About the job
P-188
At Databricks, we are on a mission to fundamentally transform the data lifecycle, simplifying processes from data ingestion to ETL, Business Intelligence (BI), and extending to Machine Learning (ML) and Artificial Intelligence (AI) through a unified platform. We envision a future where traditional data warehouse architectures are replaced by innovative solutions like the Lakehouse architecture (CIDR 2021 paper), which integrate data warehousing and advanced analytics, effectively addressing critical challenges such as data staleness, reliability, cost of ownership, data lock-in, and limited use-case support.

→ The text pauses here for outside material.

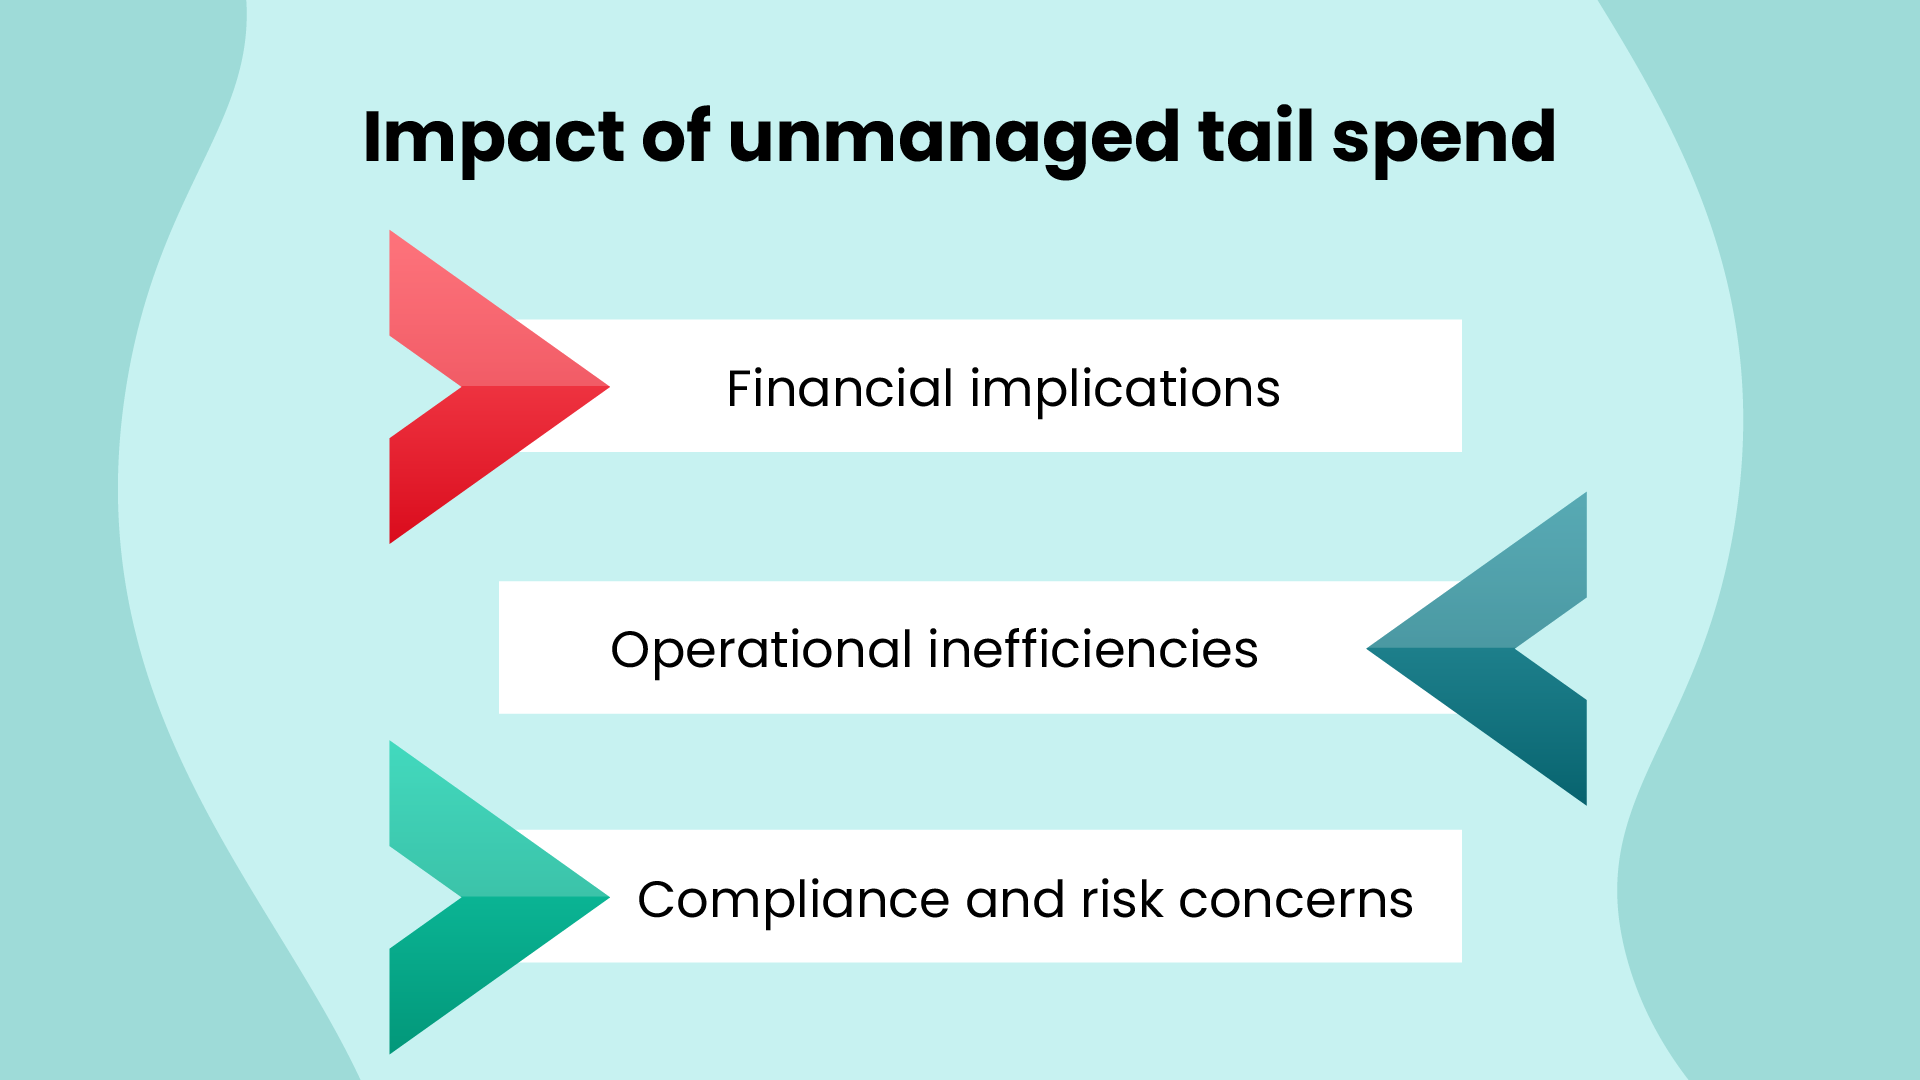 Impact of unmanaged tail spend

To turn this vision into reality, we are developing a next-generation decoupled query engine and structured storage system designed to surpass specialized data warehouses in relational query performance while maintaining the versatility of general-purpose systems like Apache Spark™. This system is intended to support a wide array of workloads, from ETL processes to data science applications.
As a member of our team, you will engage in one or more of the following areas, contributing to the design and implementation of cutting-edge systems that redefine industry standards:
- Query compilation and optimization
- Distributed query execution and scheduling
- Vectorized execution engine
- Data security measures
- Resource management strategies
- Transaction coordination processes
- Efficient storage structures (encodings, indexes)
- Automatic physical data optimization techniques